[ HOME ]
[ HOME ]
Exclusive review: Inu-Yasha:
Rumiko Takahashi's (Ranma 1/2, Maison Ikkoku, Mermaid Tales) new hit TV series in Japan
  Rating: PG
  U.S. Distribution Rights: Disney
  Genres: Fantasy, Family

Laputa: Castle in the Sky (Movie)
Alternate Title: Castle in the Sky

Description:    Sheeta is a little girl on the run from pirates and government officials, who want the secret of her "levitation stone" and Laputa, the floating Castle, for their own purposes. After falling from a flying ship, she meets Pazu, a young orphan boy who tries to help her escape. Their actions lead them through many trials and eventually the true secret of Sheeta's past and Laputa itself.

Overall Grade: 96% (A)

  Reviewer #1: Kane Tung
  Episodes reviewed: Subtitled
Grade: 96% (A)
   Although most people may argue with me on this point, I have to say that Laputa: Castle in the Sky is the most "Miyazaki" of all the director's creations. What do I mean by that? Well, Miyazaki's movies are never really about beginnings or ends. It's about heart and this movie, more than any other of his movies, is most about heart.

From the start, as Sheeta falls from the sky and music begins playing, the imagery and sounds perfectly envelop you with the spirit of what the entire movie is about: adventure and yearning. Hard-working, loyal Pazu and innocent Sheeta seems to be the culmination of character development Miyazaki has been doing over the years, from Future Boy Conan to Lupin III: Castle of Cagliostro. The other characters are developed just as well and the pirates, especially, are fun, dynamic, and hilarious.

Miyazaki's love for all things that has to do with flying really show through, as you see wonderful scenes and designs of flying ships, storm clouds, and finally, the flying lands. This is a beautiful anime that should not be missed.

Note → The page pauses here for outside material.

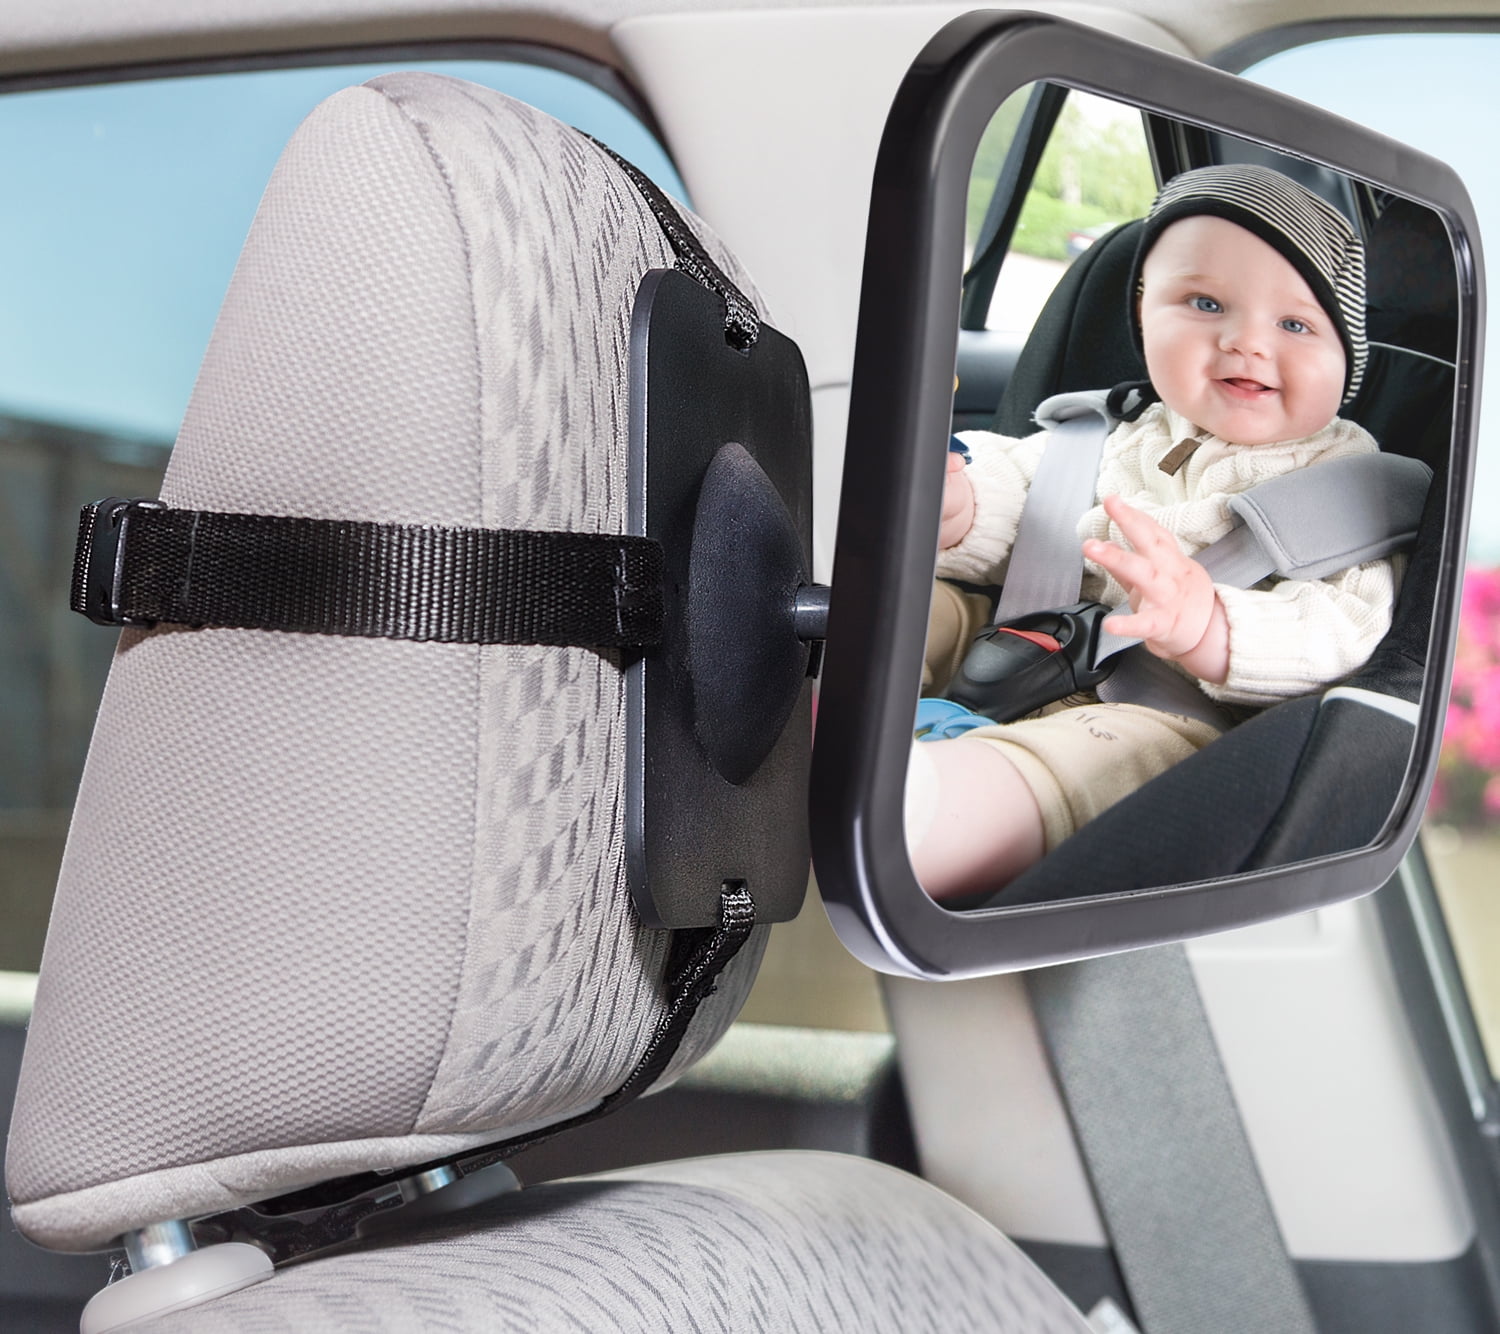 Car Baby Safety Mirror Rear View Back Seat Mirror Infant Kids children Safety 
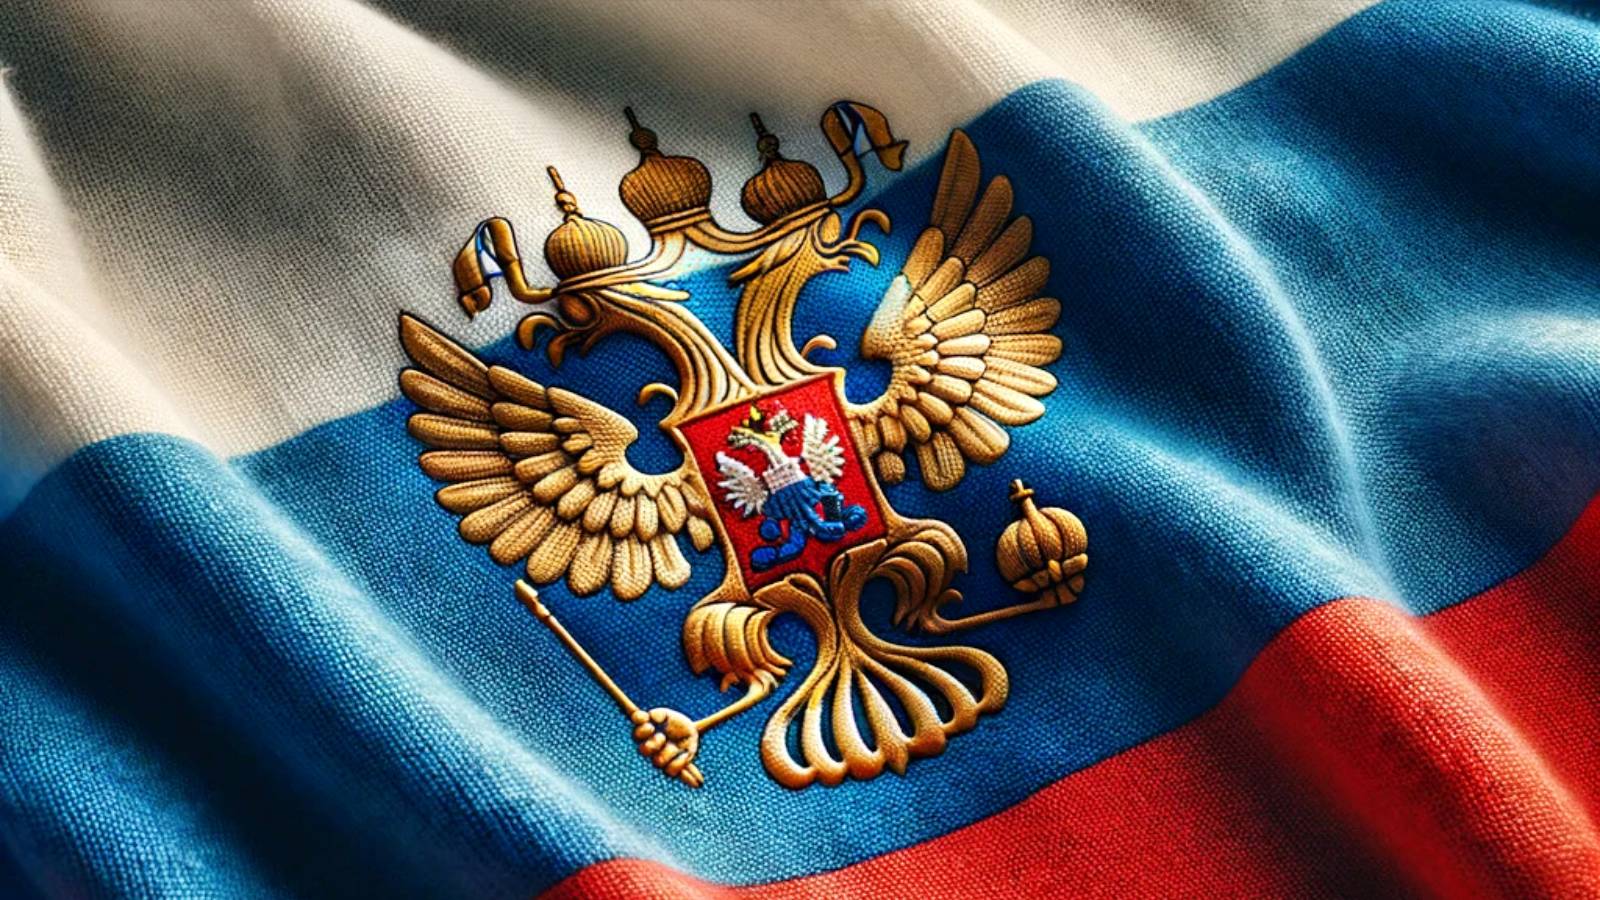 Rusia Continua sa Avanseze in Ucraina, pe Masura ce Ajutorul Occidental Intareste Armata Ucraineana

  • In the US's release of this version, they have eliminated the name "Laputa" from the title and story, because "Laputa" means "prostitute" in Spanish, and Spanish is the #2 language in the U.S.

  •   Reviewer #2: Clyde Adams III
      Episodes reviewed: Movie; Subtitled and Dubbed
    Grade: 96% (A)
       Castle in the Sky is an epic fantasy adventure, full of action and thrills, images of great beauty, grandeur, and sadness, and a moving musical score by Jo Hisaishi. As in many of Miyazaki's films, the viewer follows the characters from ground level, to the depths of mines and dungeons, to high in the sky.

    The orphan girl, Sheeta, is the target of pirates and military schemers because of her heritage, a heritage of which she herself is barely aware. She is seen, correctly, as the key to the enormous wealth and power of the semi-legendary floating city of Laputa.

    One of the most beautiful scenes is in the mines, where Sheeta and her friend and champion, the orphan boy Pazu, are shown the glowing veins of levitation stone in the cavern walls.

    It is hard not to see Sheeta's hidden power as a symbol of the untapped power of the subconscious mind. In one of the movie's most powerful scenes, Sheeta, imprisoned in a military fortress, musingly recites a charm from her childhood, in the Laputian language. To her and everyone's astonishment, a broken Laputian robot deep in the fortress' dungeon revives itself. The robot lays waste to the fortress trying to reach Sheeta and protect her.

    Laputa itself, the once magnificent city in the sky, is a poignant, depopulated ruin. Overgrown with vegetation, its maintenance robots breaking down one by one, its most notable feature is a huge monument to the dead. A splendid civilization, tragically and irretrievably lost.